Because Alice had been quiet during dinner and was still obviously irked that her spontaneous plans had been thwarted, Jacqui wasn’t able to work up a smile in response to Mitch’s half-teasing tone. “I hope not. But if she is, I hope her mother agrees with us.”

“From what I’ve heard of her, she would. She’s a long-distance parent, but Meagan said she’s made it a point to back up Seth in whatever decisions he makes on Alice’s behalf. At least in front of Alice. Seth and Colleen discuss her in private calls so they can present a united front to her.”

Jacqui was already aware of that, of course, being a household insider, but she merely nodded. “I only met Colleen once, when she was in the state for a brief visit with Alice and her parents at Christmas, but it was obvious she loves Alice very much. She was very pleasant to me when she picked up Alice to take her to Heber Springs, where Colleen’s parents live.”

Colleen was tall, strikingly attractive, expensively fashionable. Although she had grown up in Arkansas, no traces of the South remained in her speech patterns— Jacqui would bet that had been a deliberate effort on Colleen’s behalf. Rather than the slight drawl Jacqui had grown accustomed to hearing during the two years she’d lived in Little Rock, Colleen spoke rapidly, enunciating each syllable clearly. Her manner was courteous but somewhat brusque, hinting that her time was too valuable to waste on trivialities.

Jacqui supposed some people would be intimidated by the attorney, although she hadn’t been. To her credit, Colleen hadn’t been dismissive of her ex-husband’s housekeeper, but instead had thanked her nicely for doing such a good job watching out for Alice when the other adults were occupied with their careers.

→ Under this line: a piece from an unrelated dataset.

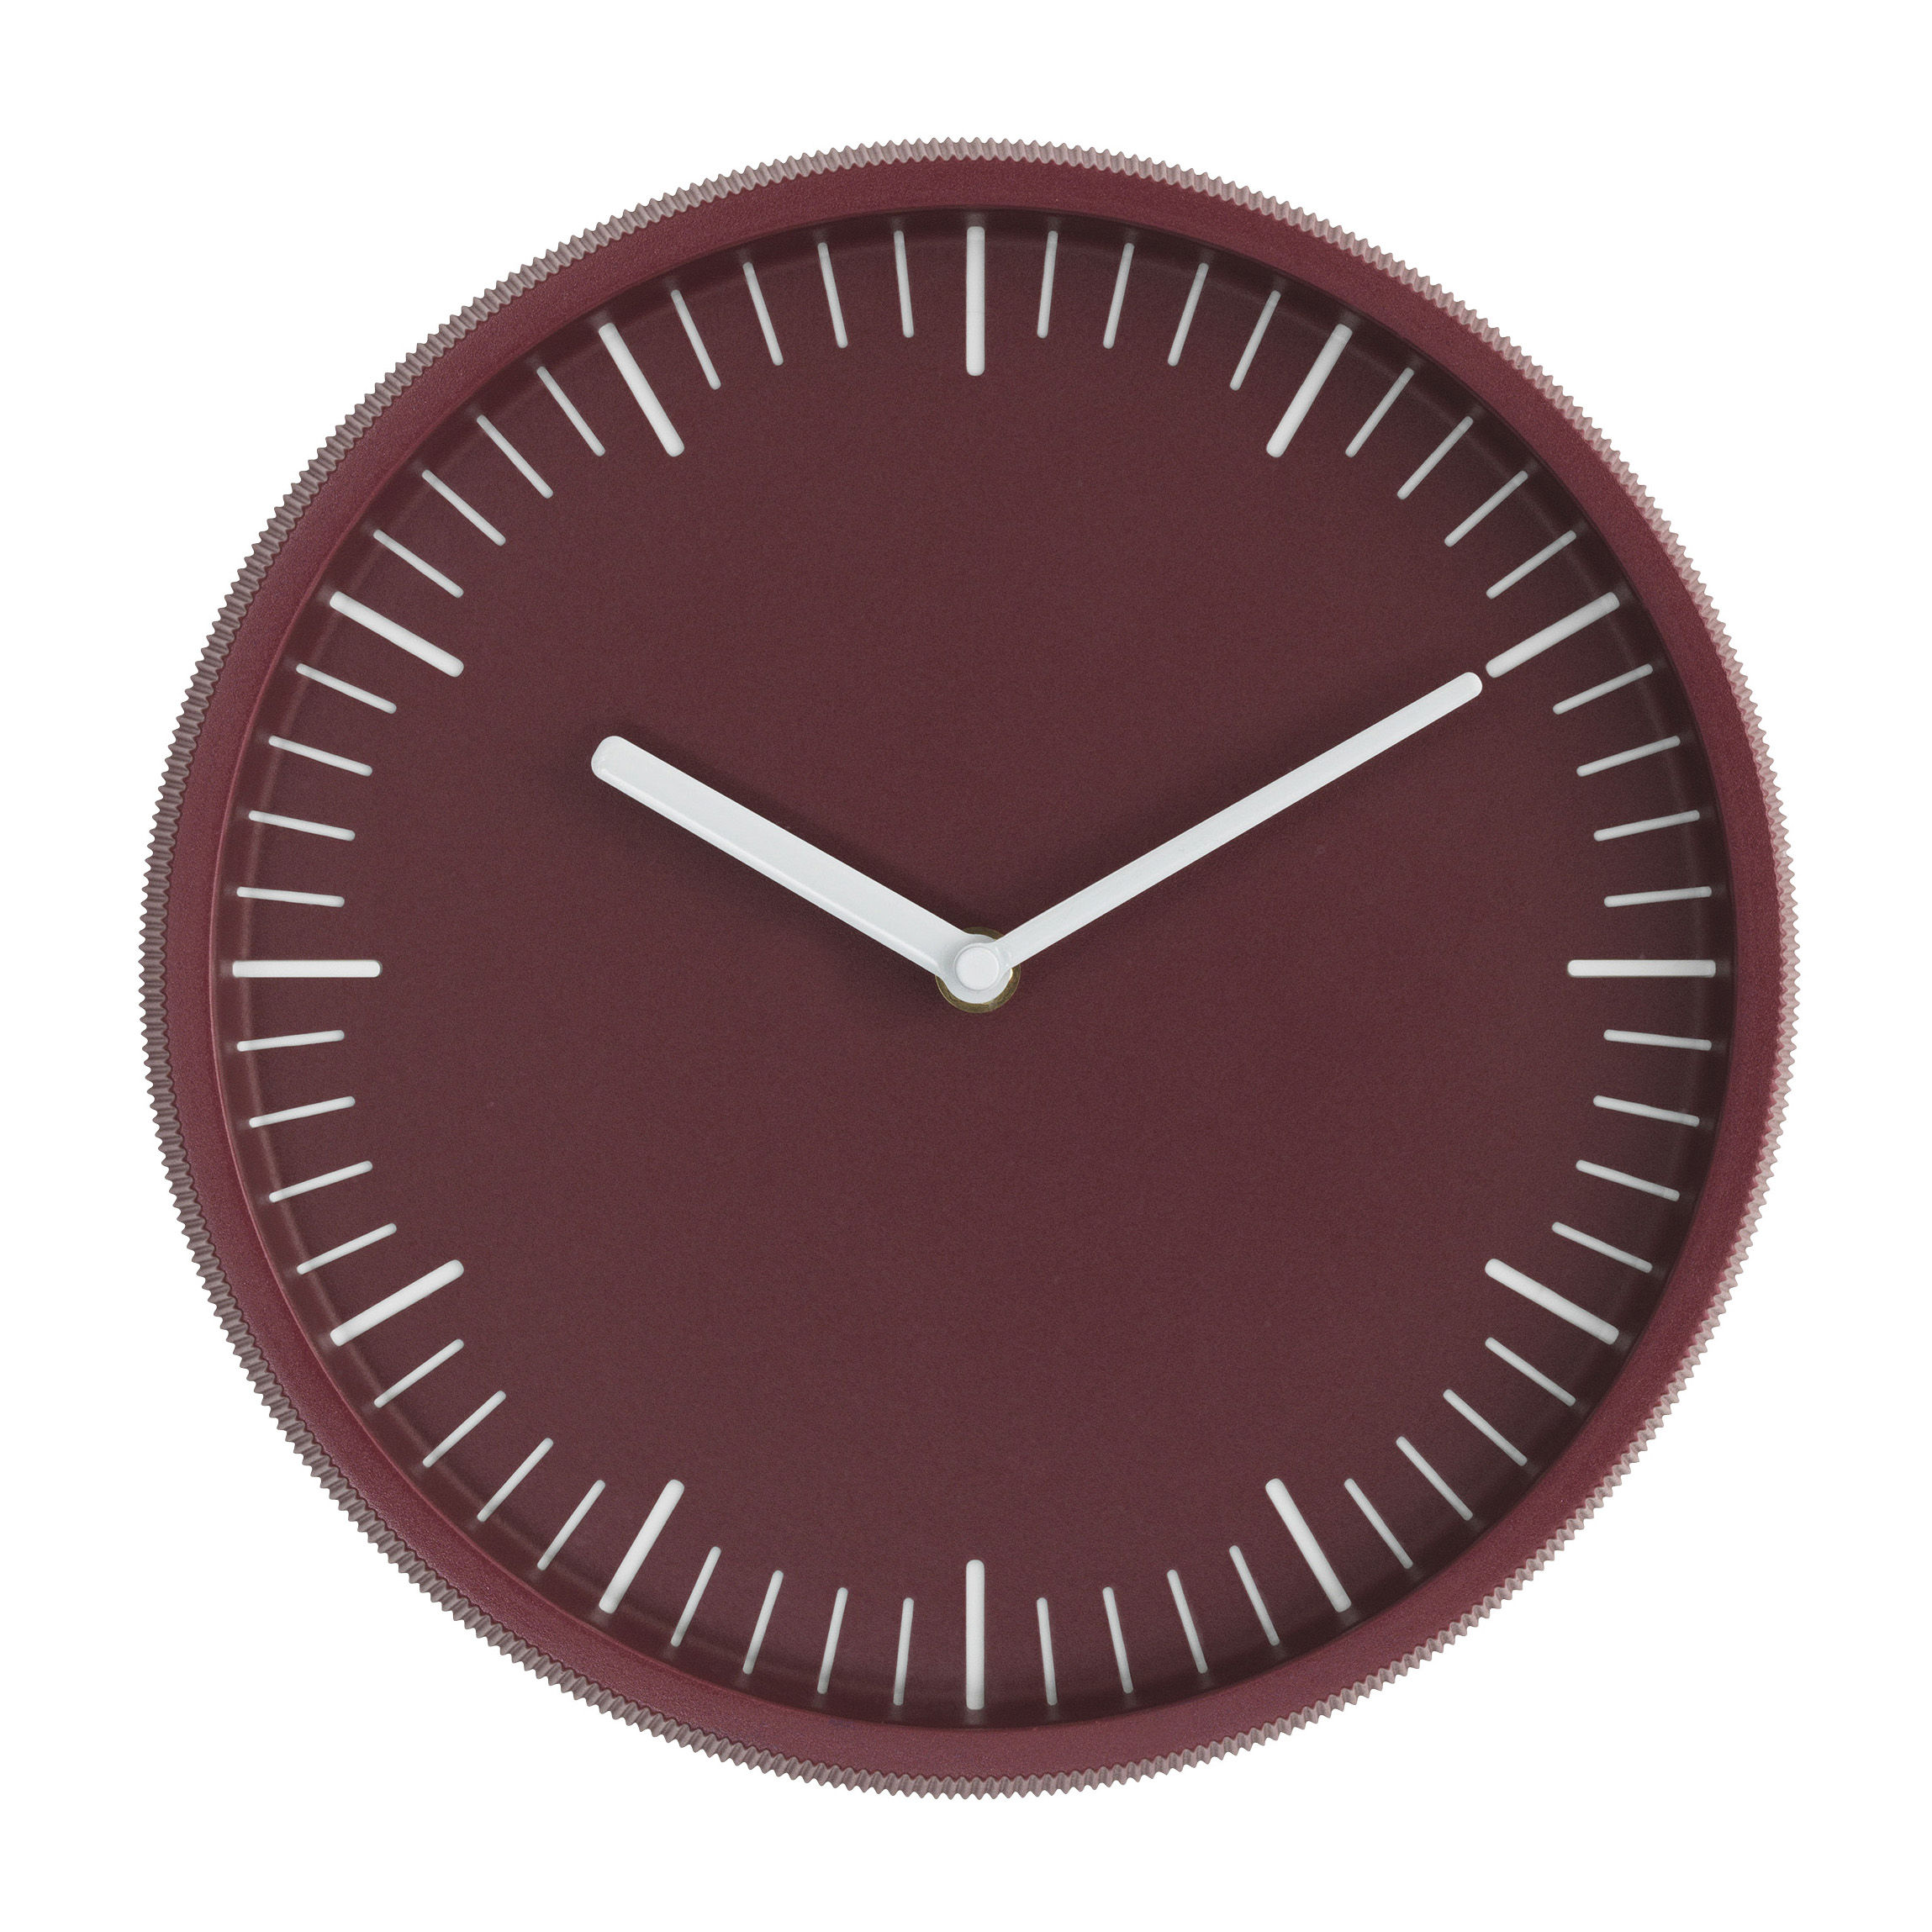 Decoration - Wall Clocks - Day Wall clock - / Steel - Ø 28 cm by Normann Copenhagen - Burgundy - Cast aluminium, Glass

Seth’s second wife was also a successful career woman, but other than that Meagan and Colleen cou

ldn’t be more different. Whereas Colleen was obsessed with career, Meagan’s priority was family. The family she’d made with Seth and Alice, and the one in which she’d grown up, including her widowed mother and two younger siblings. Often she referred to Jacqui as a part of the family, a generous gesture that Jacqui appreciated even as she continually reminded herself that she was merely the housekeeper. If she were to fall and injure herself so that she was no longer able to fill the position, as had happened to the older woman who worked for Seth previously, they would hire someone to replace her, just as Jacqui had replaced Nina.

“Jacqui? Where have you drifted off to?”

She blinked up at Mitch, who was standing by the dishwasher and looking at her quizzically. Hastily placing the dish in her hand on the rack, she shook her head. “Sorry. I was just thinking about that little tiff with Alice. I’ve been lucky until this point, I guess. She’s been absolutely no trouble at all every time I’ve watched her.”

He shrugged. “If one quarrel and a chilly dinner are the worst you encounter, then you’re lucky. I remember some of Madison’s teen dramas. My folks were ready to lock her in the cellar a few times, I think. Guess it’s a good thing we didn’t actually have a cellar.”

She smiled perfunctorily. “I guess every teen, no matter how generally well-behaved, hates hearing the word ‘no.’”

He chuckled. “Oh, yeah. Didn’t you have your share of teen rebellion when you were that age?”

Jacqui had rebelled every time her father had uprooted the family and drifted to another town where she and Olivia would be enrolled in yet another new school. Not that it had done her any good. Every time they’d moved, her parents had promised it would be the last time. They’d advised her to make the best of the life they led, to make new friends and experience new things—and to take care of her little sister while Mom and Dad were out doing odd jobs to support them.